Fuel queues are back. And they have never looked more unseemly. No less predictably, the federal government has folded itself in interesting shapes trying to explain away this perennial symptom of how inefficiently this economy is run. The “panic buying” argument much favoured by government spokesmen obviously does not wash. It has always invited us to believe that the retail storage space for petrol (i.e. those jerrycans and associated containers in which most households hold their fuel inventory — largely for generating sets) is either equal to, or more than the combined storage spaces of filling stations nationwide. That this is counter-intuitive is enough argument against panic buying as an explanation for fuel shortages. But, arguably the more persuasive case is that the queues have developed simultaneously across the country.
Whispered in knowledgeable circles is the fact that the government owes key parts of the petrol supply chain back amounts of money for fuel that the economy has already consumed. If true, this could explain why the current scarcity is the result of supply snafus. As indeed could the fact that on global commodity markets crude oil prices have trended up of late. OPEC reports the price of Bonny Light up to US$52.72 per barrel (pb) in the 10 months to end-October 2017, from US$42.94pb over the same period last year. In other words, the cost of the main input into petrol production has gone up by more than 20% in the last one year.

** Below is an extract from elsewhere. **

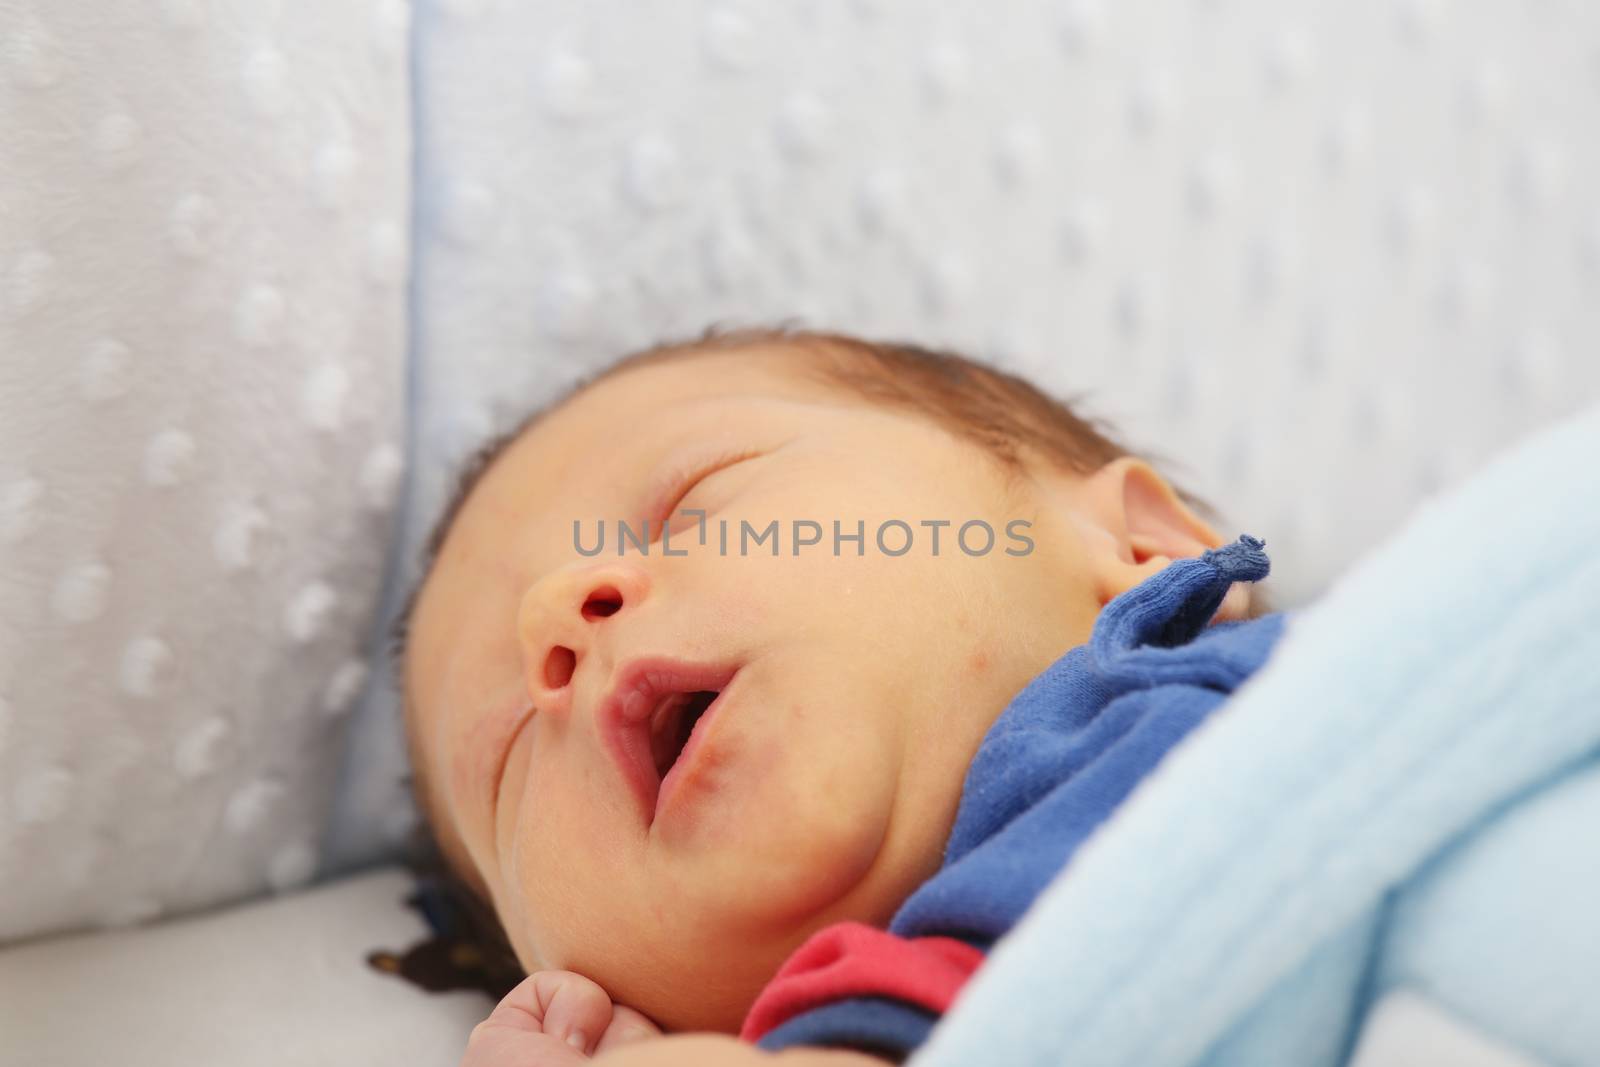 Newborn yawing. Focus in the mouth
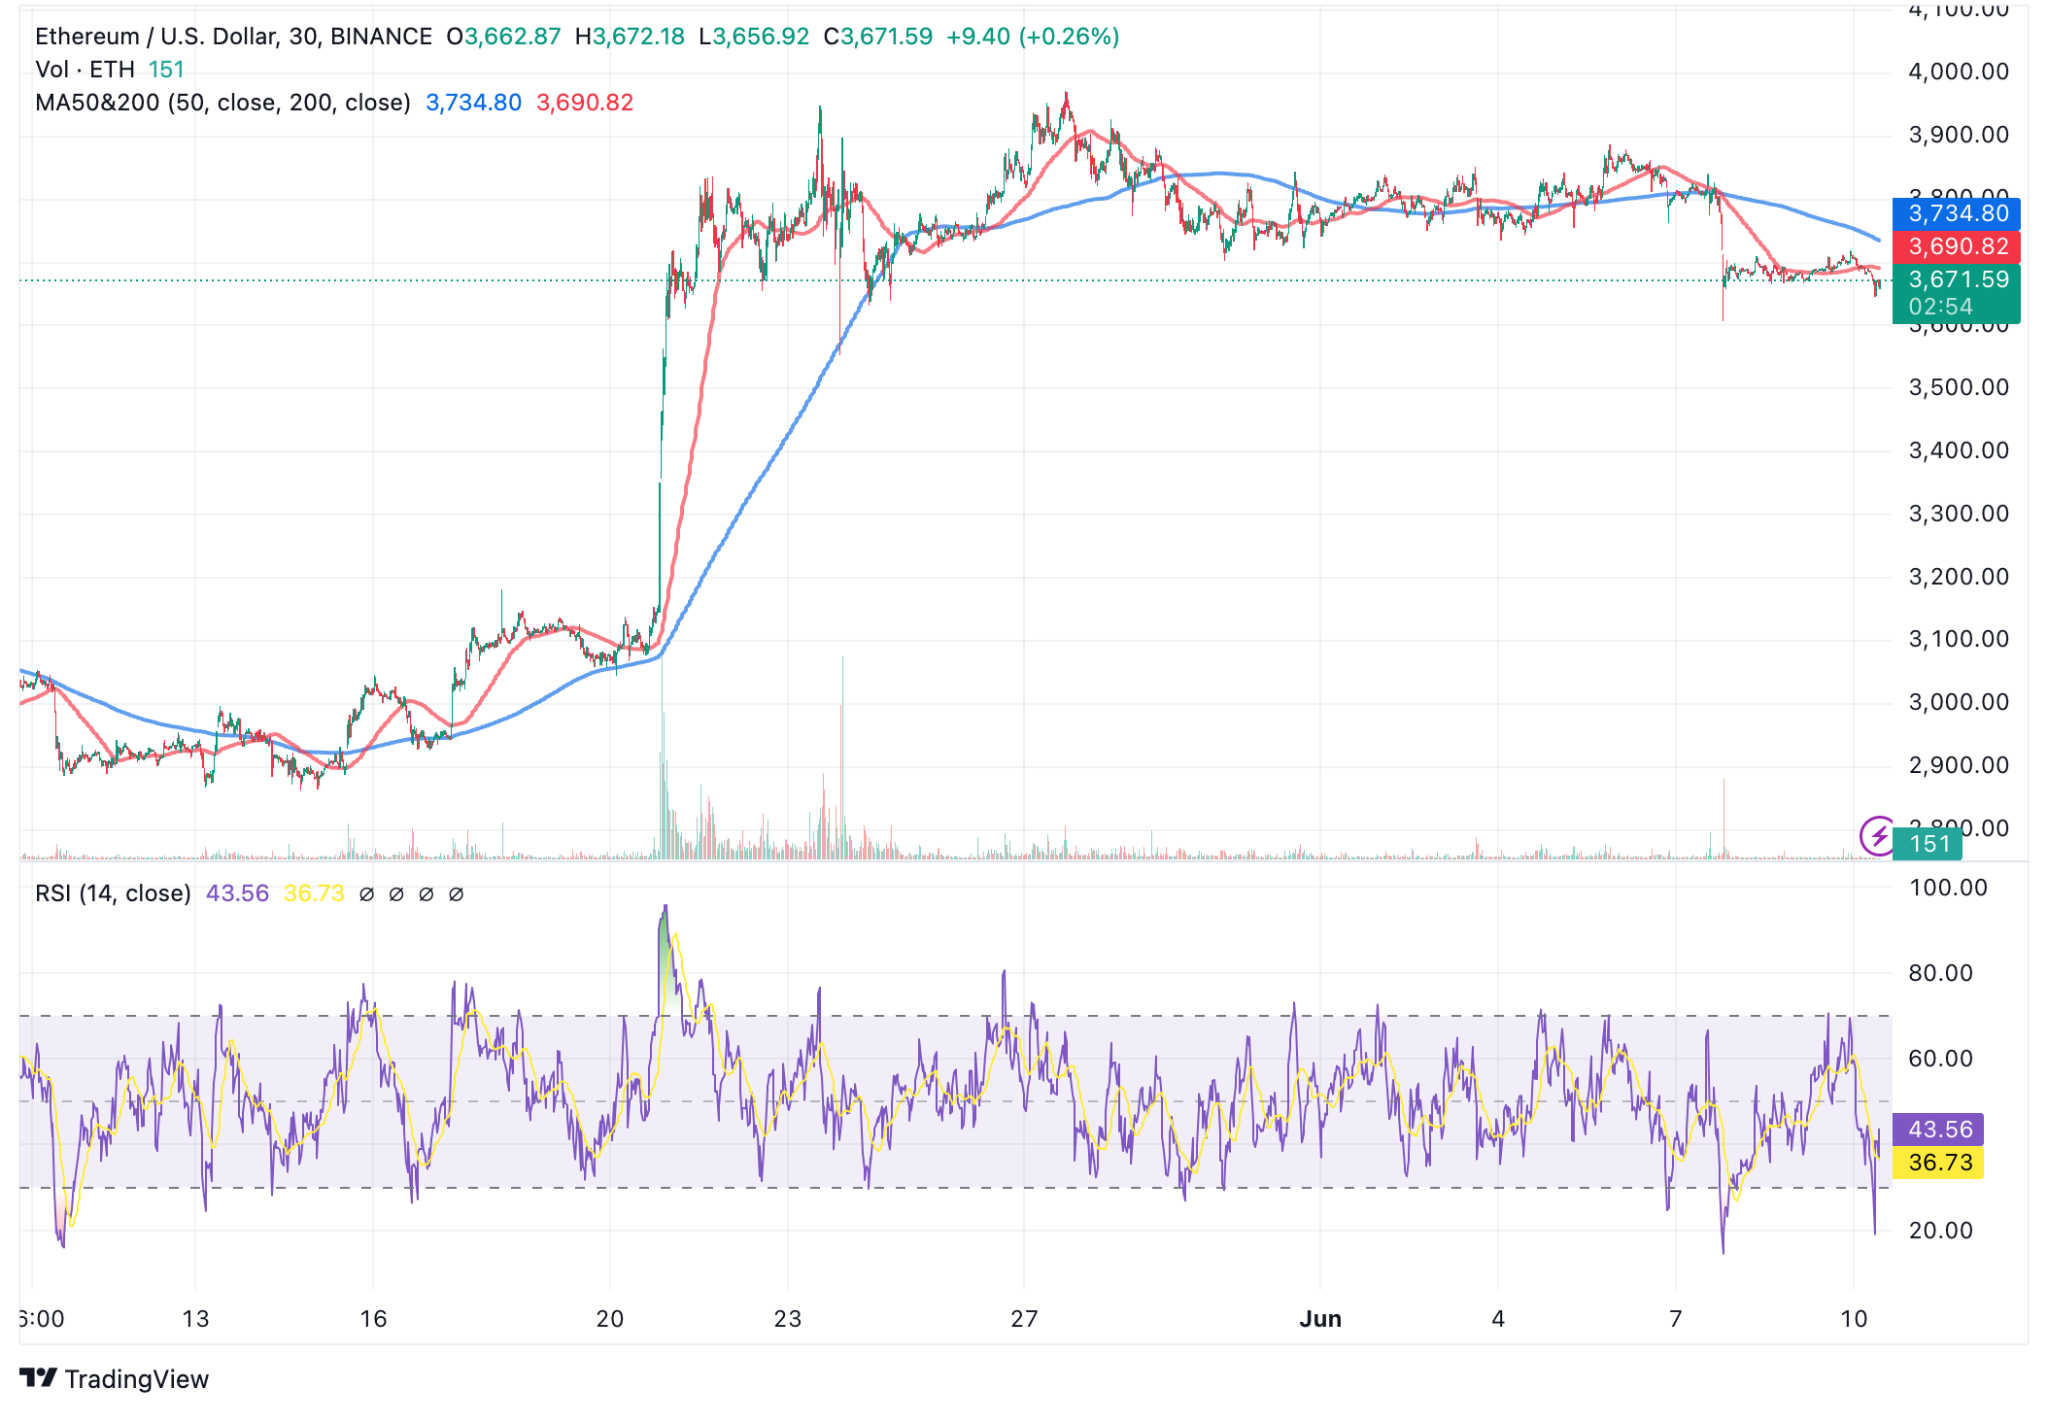 Ethereum’s price is below both the 50-period and the 200-period moving averages, trending downward

With domestic prices unchanged, any of two things is afoot: profits at the pump station would be down considerably (since the industry is unable to pass costs on to the market); or operators are running at a loss. This happens in any market, and continued supply would be an instant worry. But not in the domestic oil industry. Under the Jonathan administration, we saw how a system of subsidies designed to keep the pump-station price for petrol unchanged morphed into a racketeer-influenced and corrupt practices operation. Thus far, the Teflon-coating on the Buhari administration has allowed it to continue supporting pump-gate prices without any imputation of corruption. And if the resurgent fuel queues offer much by way of explanation, with only marginal differences in outcomes.
We may still find a silver lining in all of this. Reflect but a bit on all of it, and, the return of the fuel queues also reminds us that we need to find more efficient ways of running the industry — and the country along with it. This, thankfully, is not just about corruption. Arguably, corruption at any scale imposes costs on a society as tolerant as we are of all manner of hairbrained schemes. The sad thing is that we tend to drive the pharaonic projects that result from our poor policy design practices on the argument that we are protecting the poor and vulnerable segments of our society.
At the heart of this logic is the conviction that high (as opposed to rising) prices hurt the poor and vulnerable. On the back of which, successive governments have proceeded to strain themselves in the bid to keep a lid on domestic prices (interest rate, exchange rate, pump-gate price for petrol, recommended retail price for rice, beans, garri, etc.). These prices, we forget (maybe never learnt) are basically signals to suppliers indicating what the markets are asking for, and how much new investment they should put in in order to meet demand. Even when these prices are the result of market failures, or kinks in the supply chains, they then become signals for policy makers on both the direction and extent of structural shifts to be implemented. By enforcing an arbitrary ceiling on prices, our current policy orientation distorts the allocative efficiency of the economy. And crimps the economy’s ability to respond to changes in its external and domestic conditions.
All of which is difficult to understand. For on the matter of relative petrol prices, we have clear evidence that lower oil prices do not necessarily help the poor and vulnerable either. When in January 2015 the Jonathan administration lopped N10 off the price of petrol, bringing the price per litre down to N87, costs at the lower end of the market barely budged — transport fares, which are a major component of these costs, remained the same (at least along major routes in Lagos State). However, car owners felt the pressure on their pockets ease — especially those who owned more than one vehicle. What happened in essence was that government had, through a crypto-tax, contrived to move part of the national wealth into the pockets of the middle class (and classes above it) in the name of reducing costs to the poor.
The spectre of unintended consequences regularly haunts public policy making — and not just in Nigeria. The easiest way to exorcise this demon is to price the provision of goods and services properly. And the best way to do this is have those prices reflect demand and supply conditions for the good/services in question, together with all their substitutes and close complements. Easily the one argument against this is that the poor will lose out. Except that they are not winning under the current arrangement. Indeed, to the extent that the current poor pricing arrangement means that those who can afford it have no incentive to use petrol more efficiently, we run the risk of depleting a non-renewable resource faster than we ought to. Of imposing higher costs on future generations as a result. And ensuring that the poor and vulnerable segments of the generations of Nigerians that come after us, will be that much impoverished as a result.